Restate each line of the listing exactly, without carrying over any pictures.

DATASET SECTION
○ ○ ○

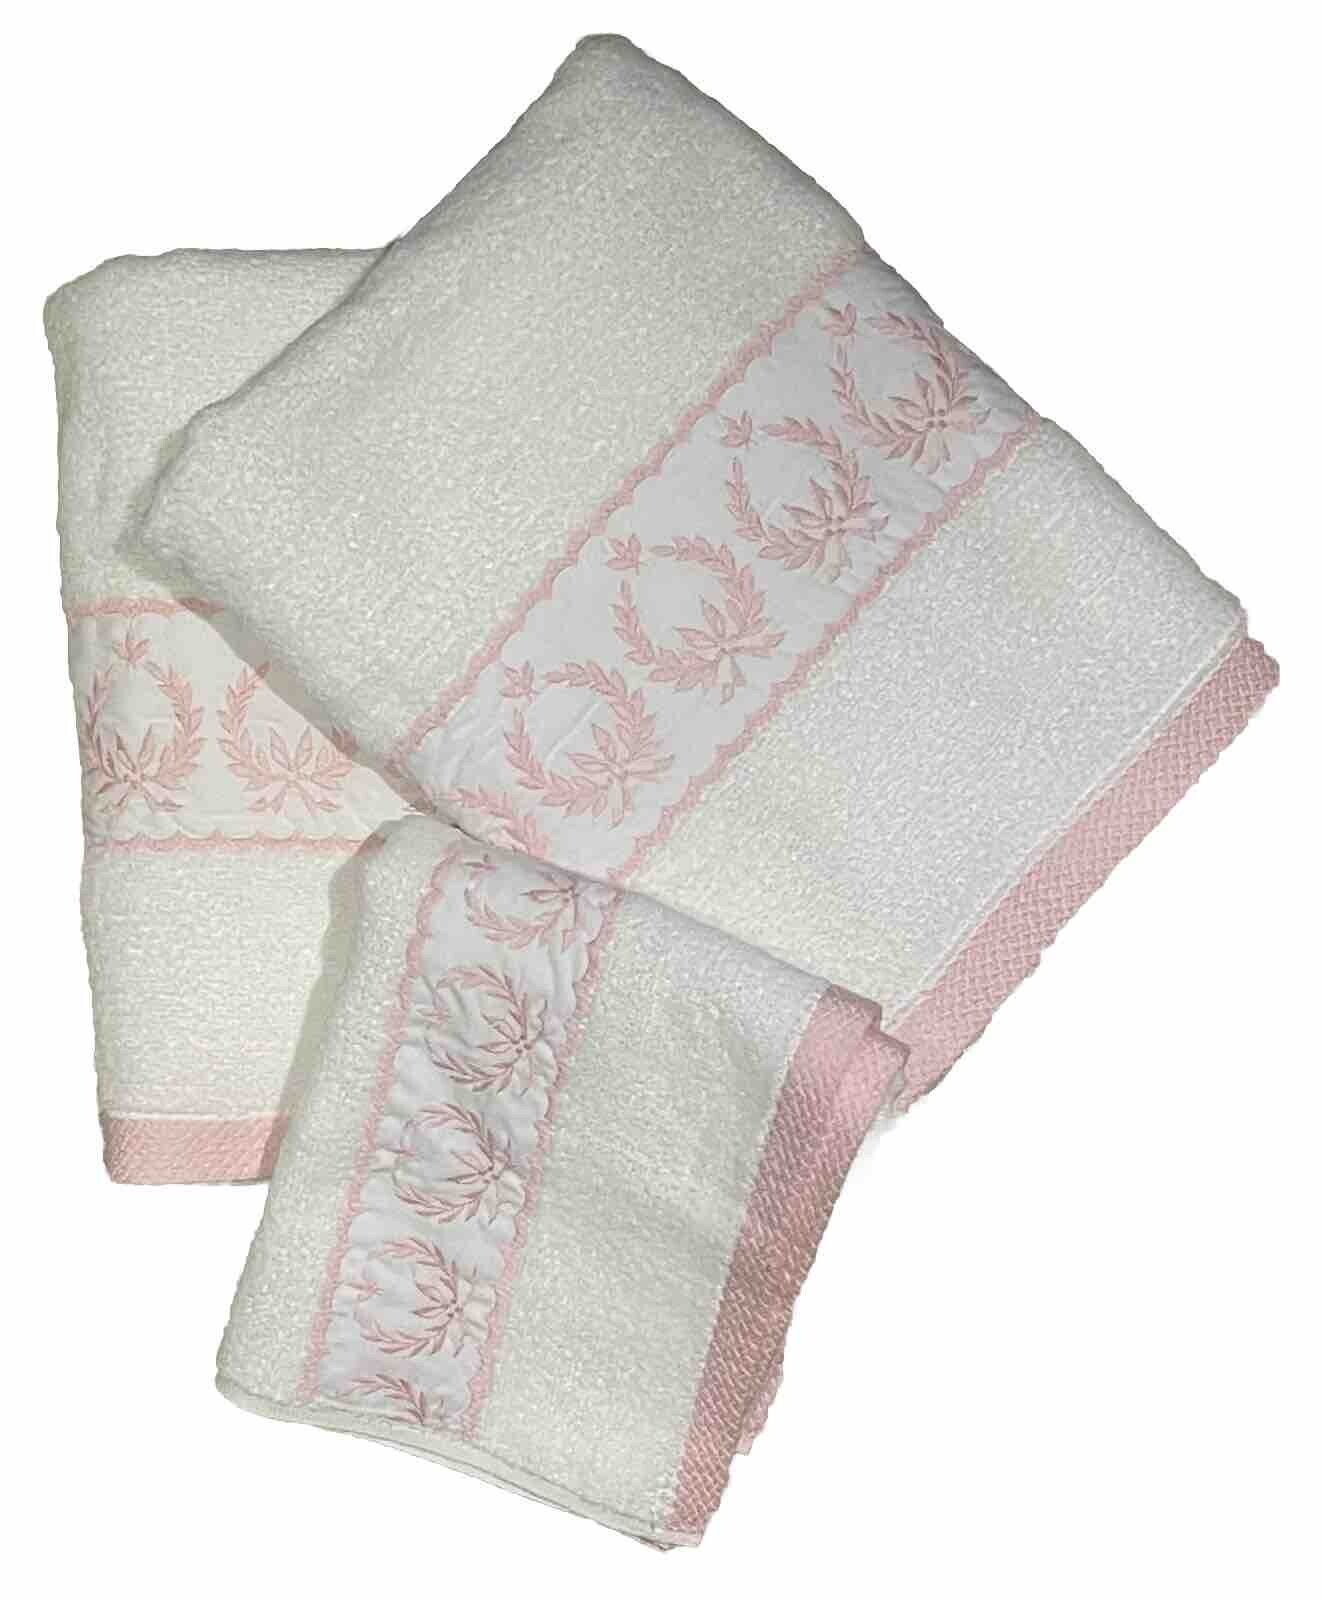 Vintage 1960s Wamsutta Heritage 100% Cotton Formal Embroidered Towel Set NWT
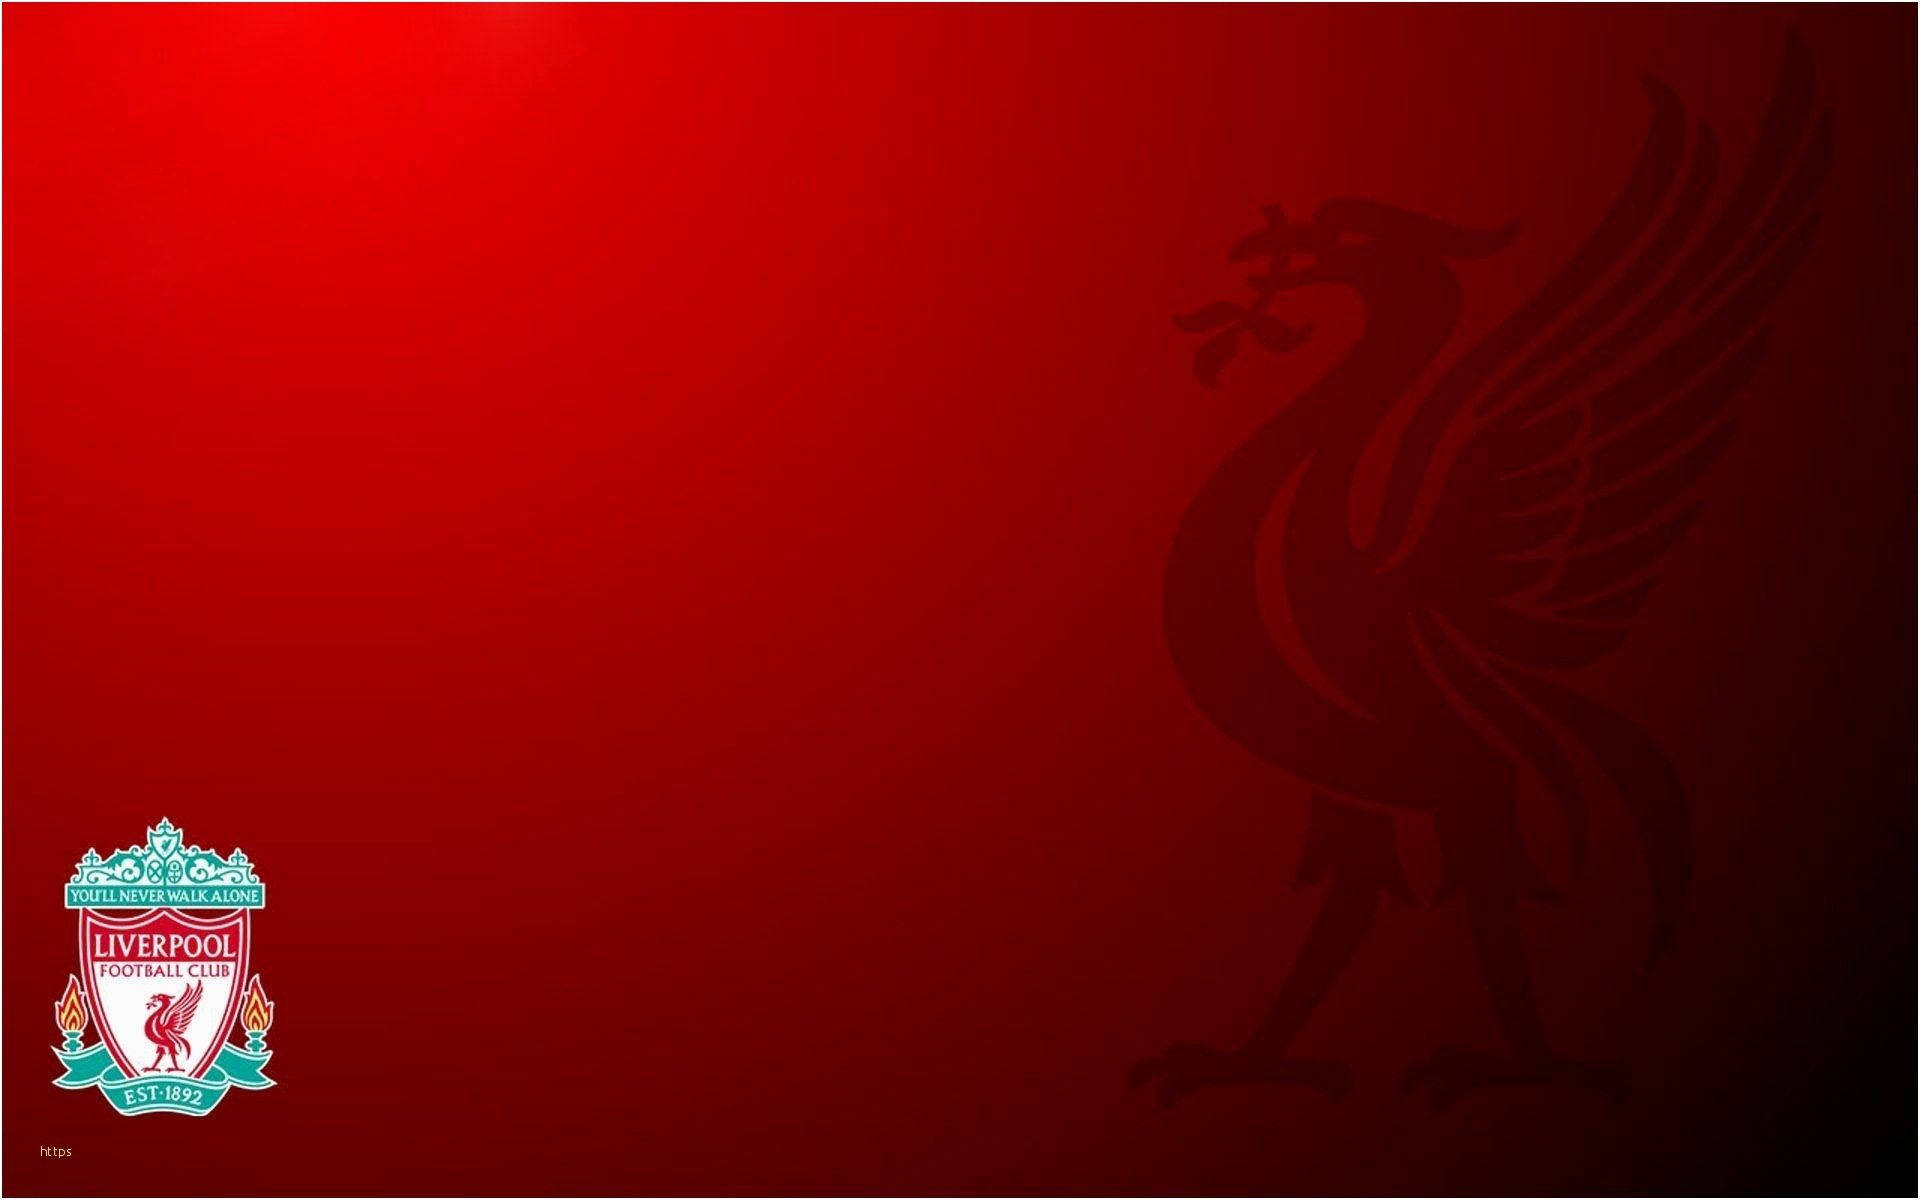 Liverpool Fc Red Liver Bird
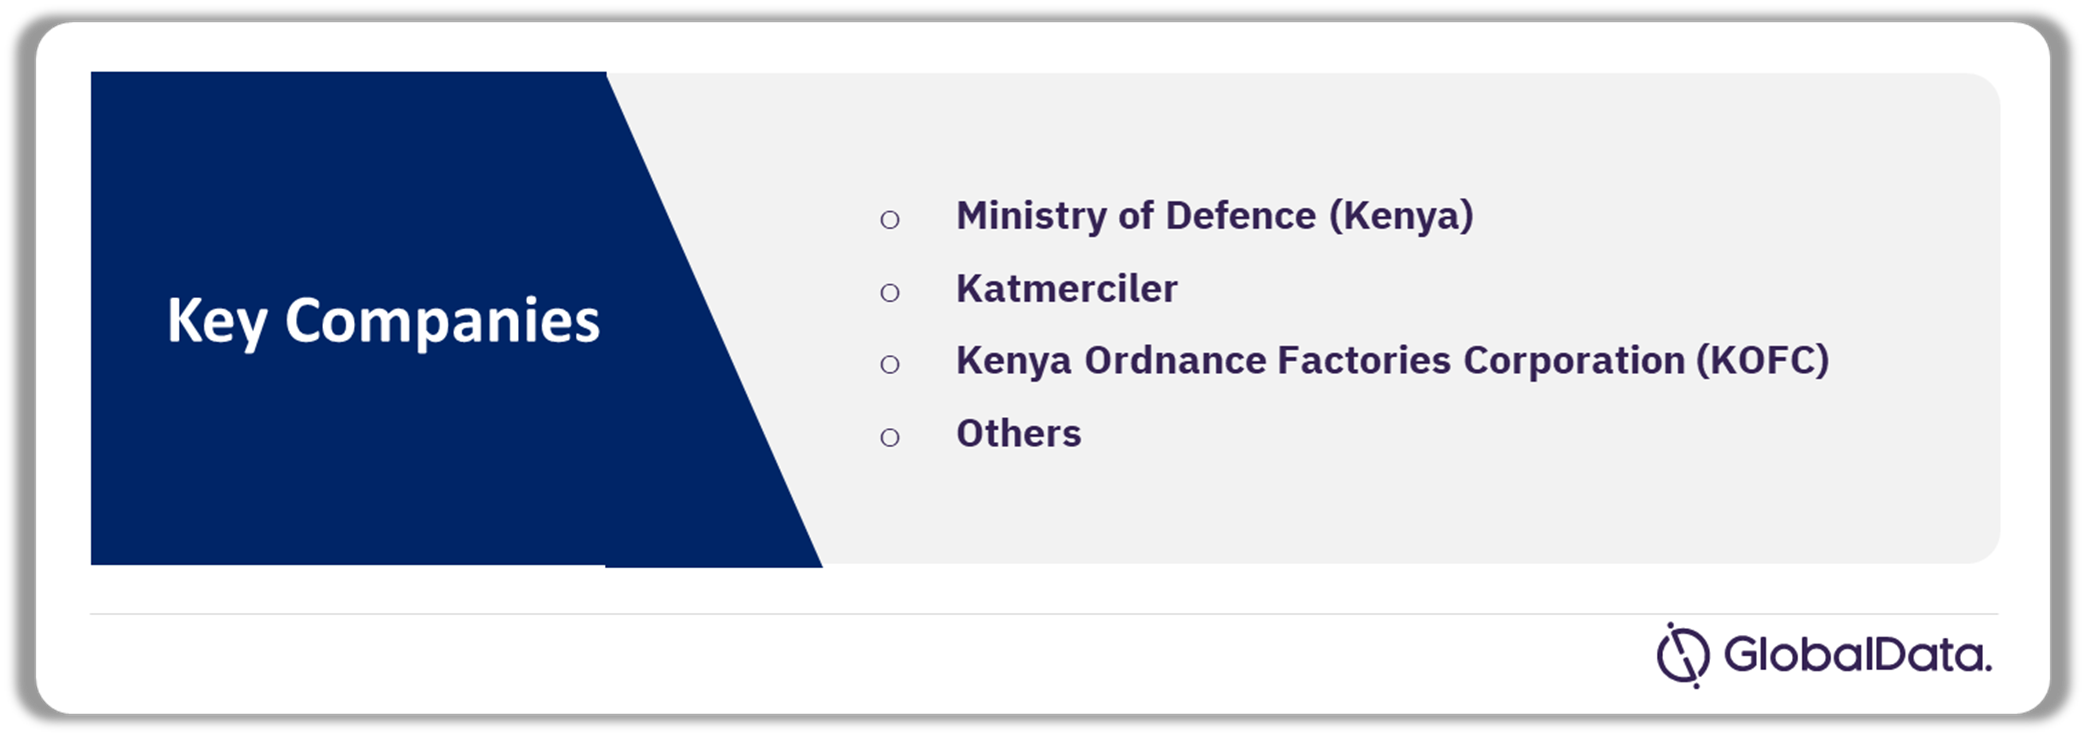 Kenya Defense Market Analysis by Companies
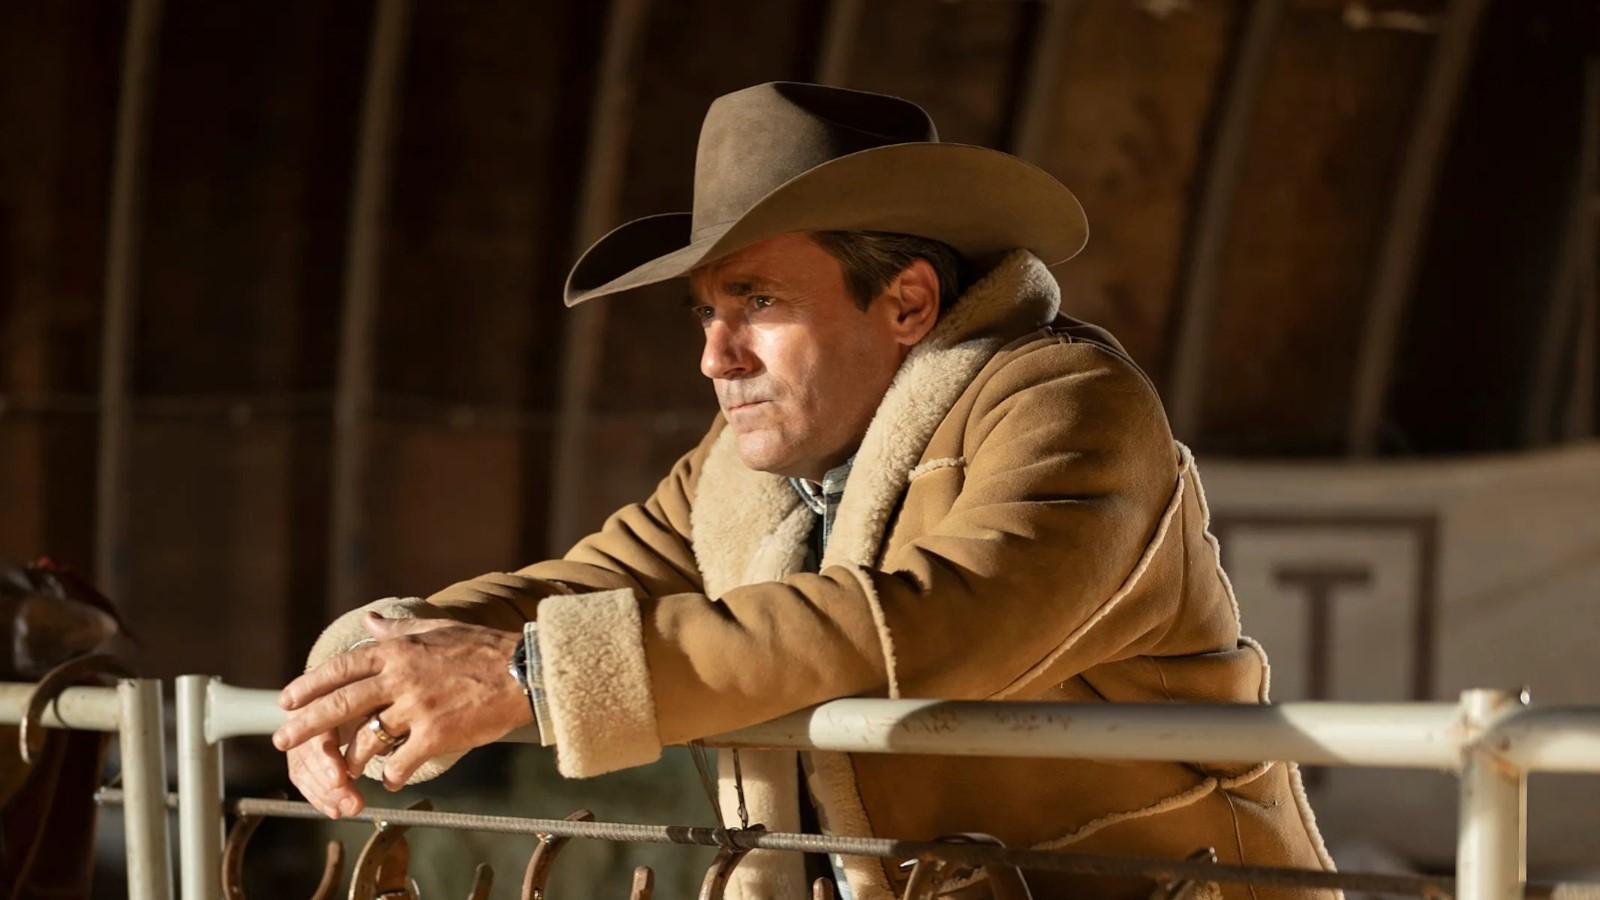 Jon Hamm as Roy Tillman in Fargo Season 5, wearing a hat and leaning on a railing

○ ○ ○

EXPECTED ANSWER
 Vintage 1960s Wamsutta Heritage 100% Cotton Formal Embroidered Towel Set NWT
 Liverpool Fc Red Liver Bird
 Kenya Defense Market Analysis by Companies
 Jon Hamm as Roy Tillman in Fargo Season 5, wearing a hat and leaning on a railing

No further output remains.